TASK ITEM.
Although the listing contains pictures, reproduce only its text, exactly as written.
··· DATASET EXCERPT
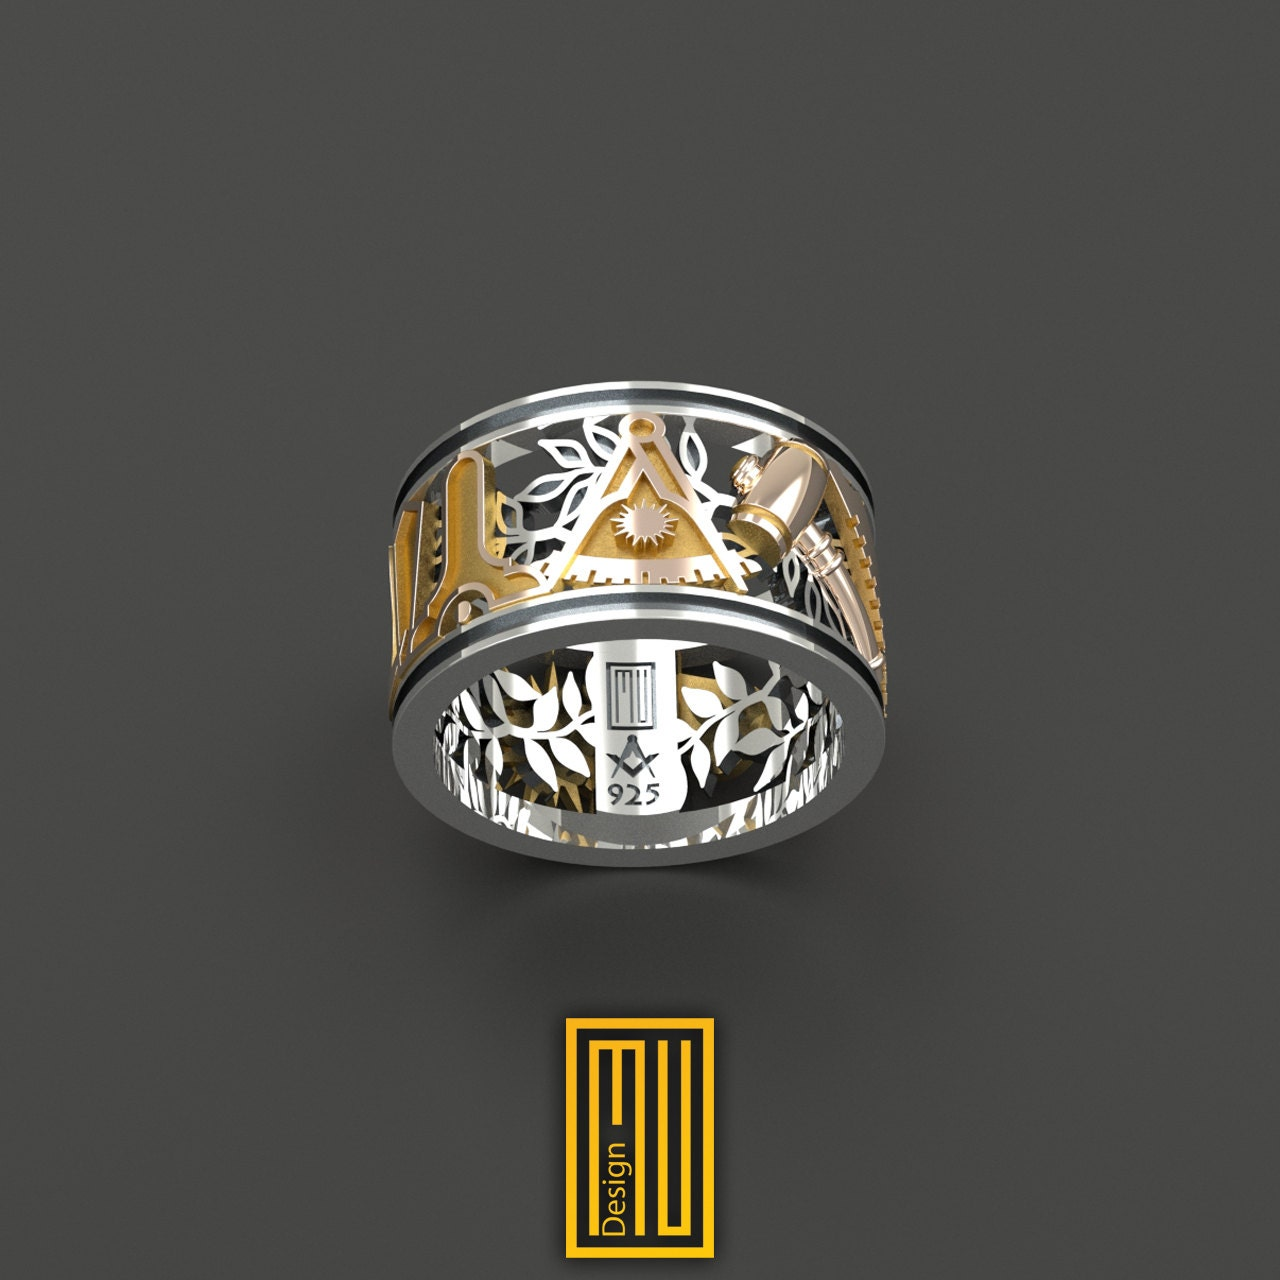 Masonic Wedding Style Past Master Ring Unique Design For Men
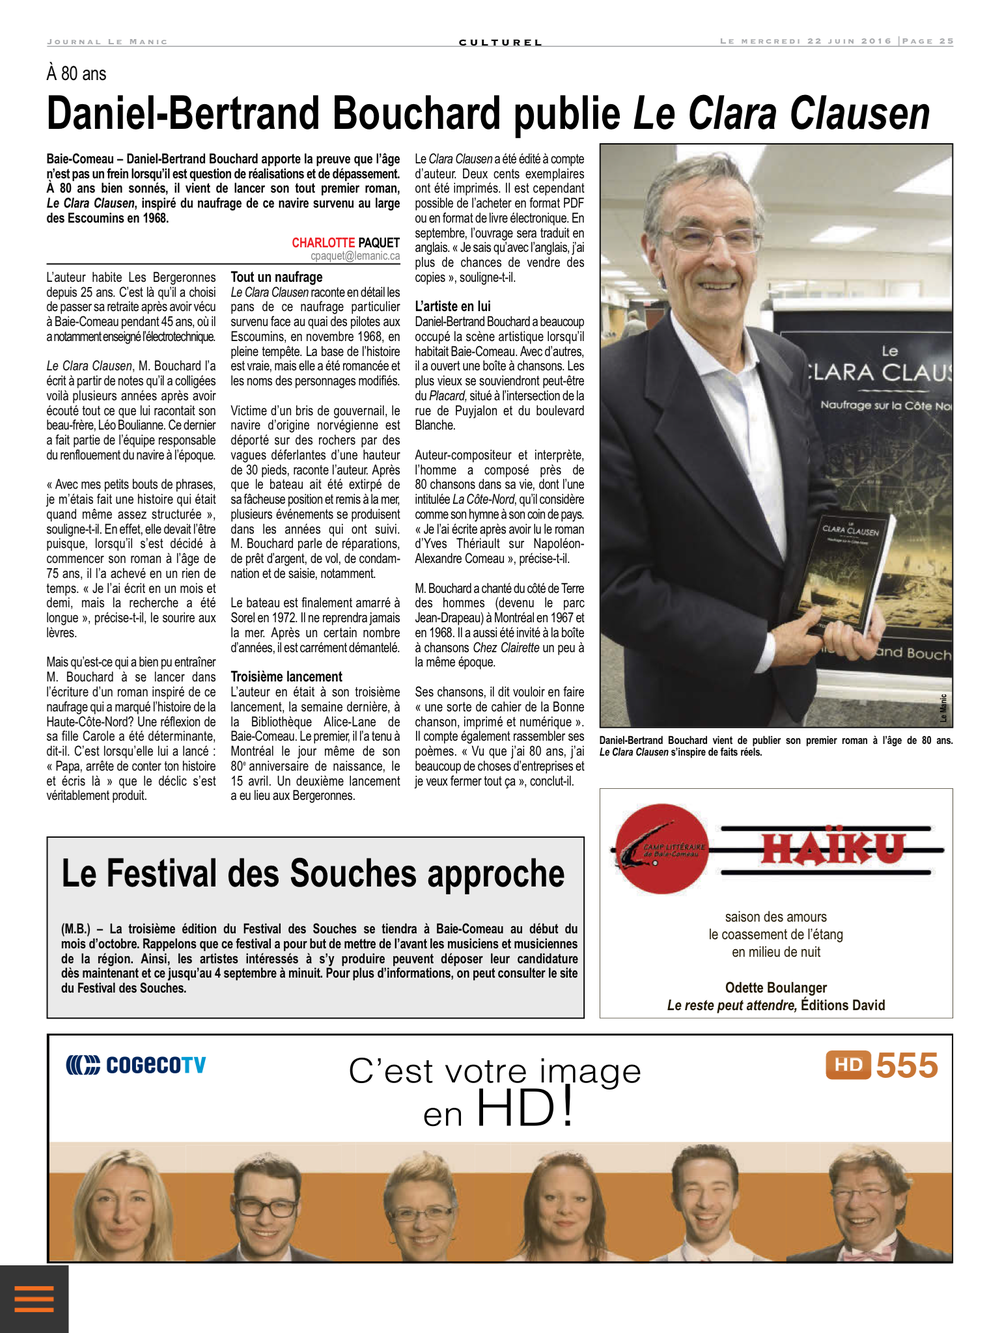 Journal Le Manic, Mercredi 22 Juin, 2016 Page 25
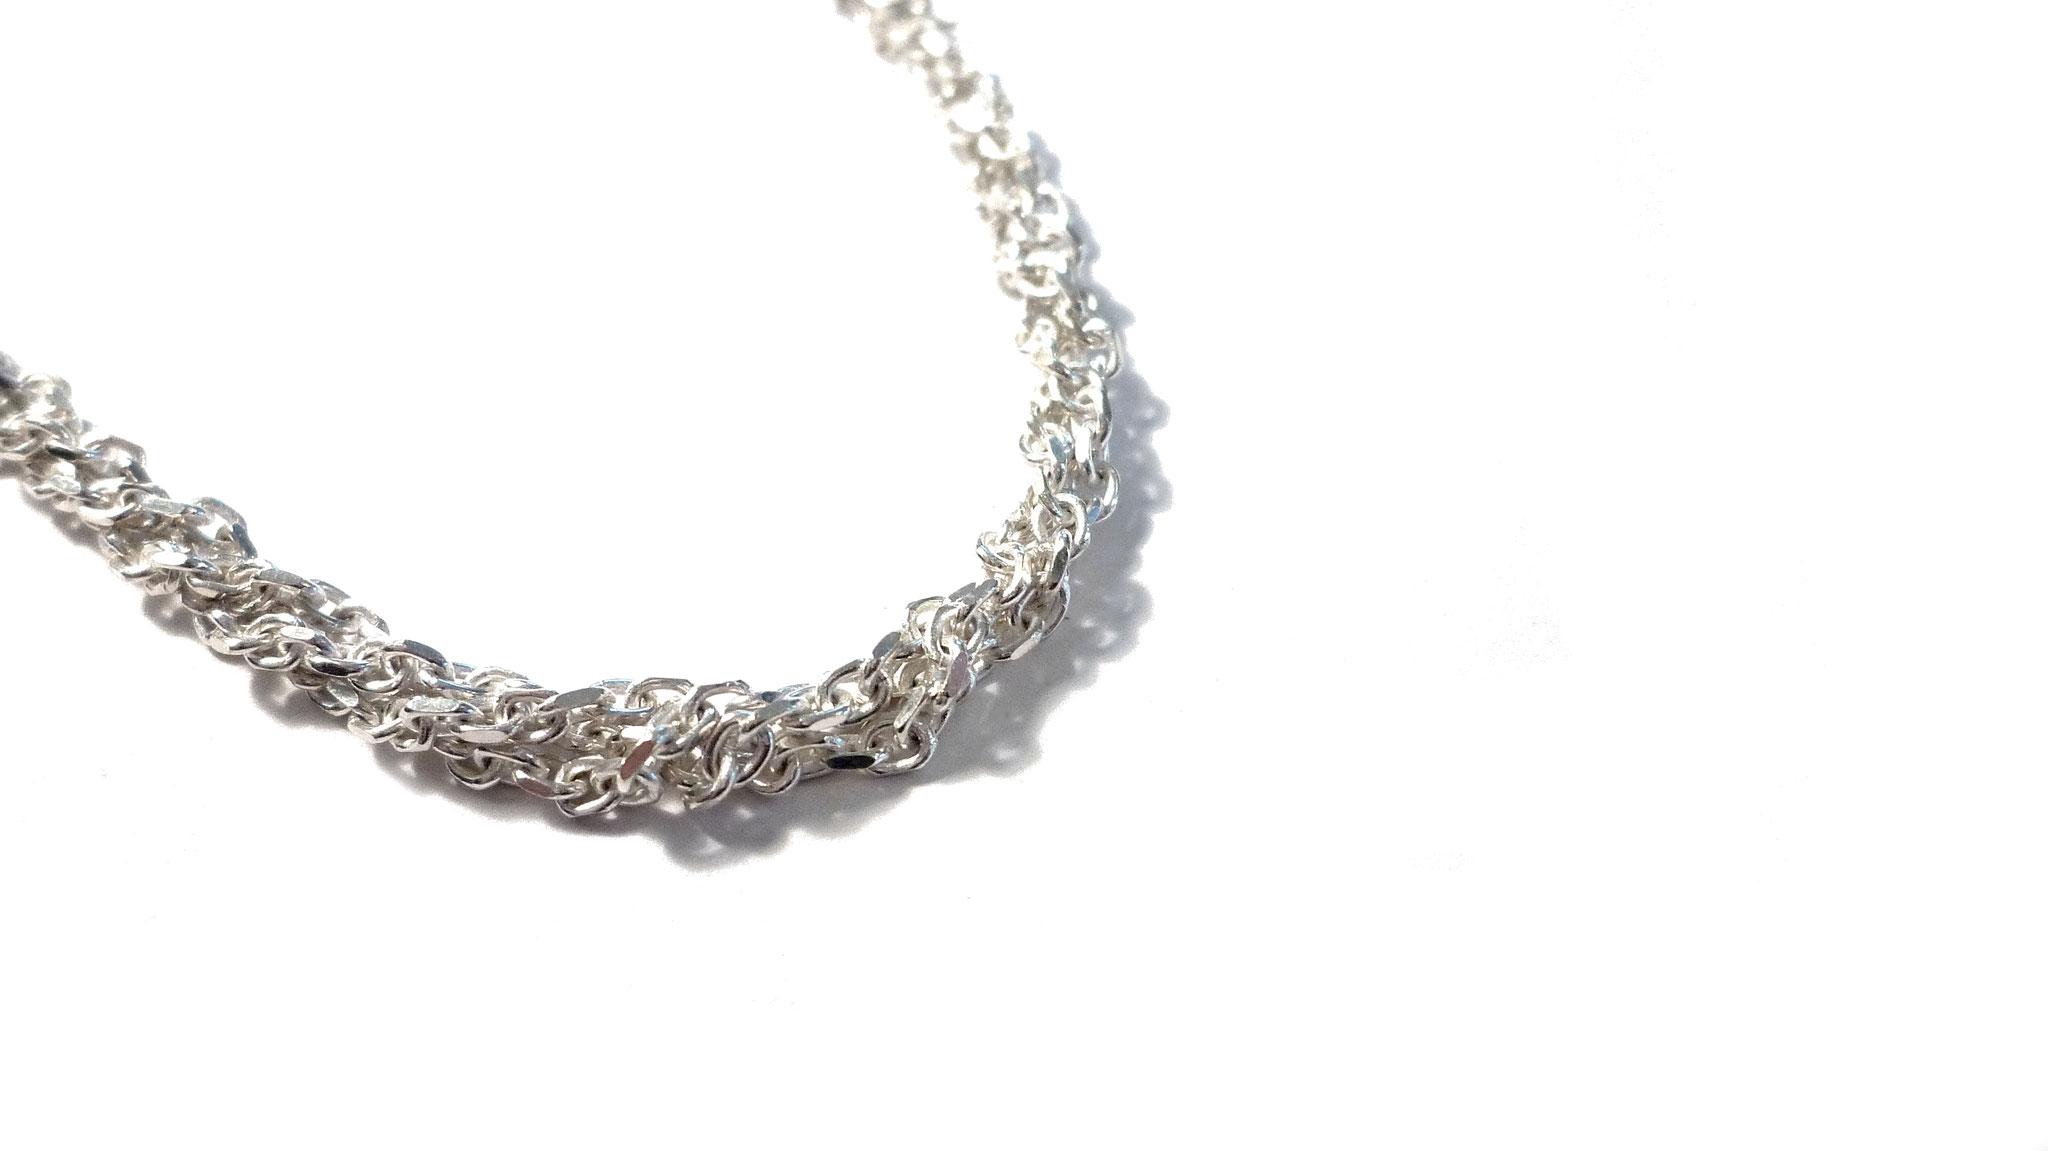 Bracelet aus Silber
······
RESULT.
 Masonic Wedding Style Past Master Ring Unique Design For Men
 Journal Le Manic, Mercredi 22 Juin, 2016 Page 25
 Bracelet aus Silber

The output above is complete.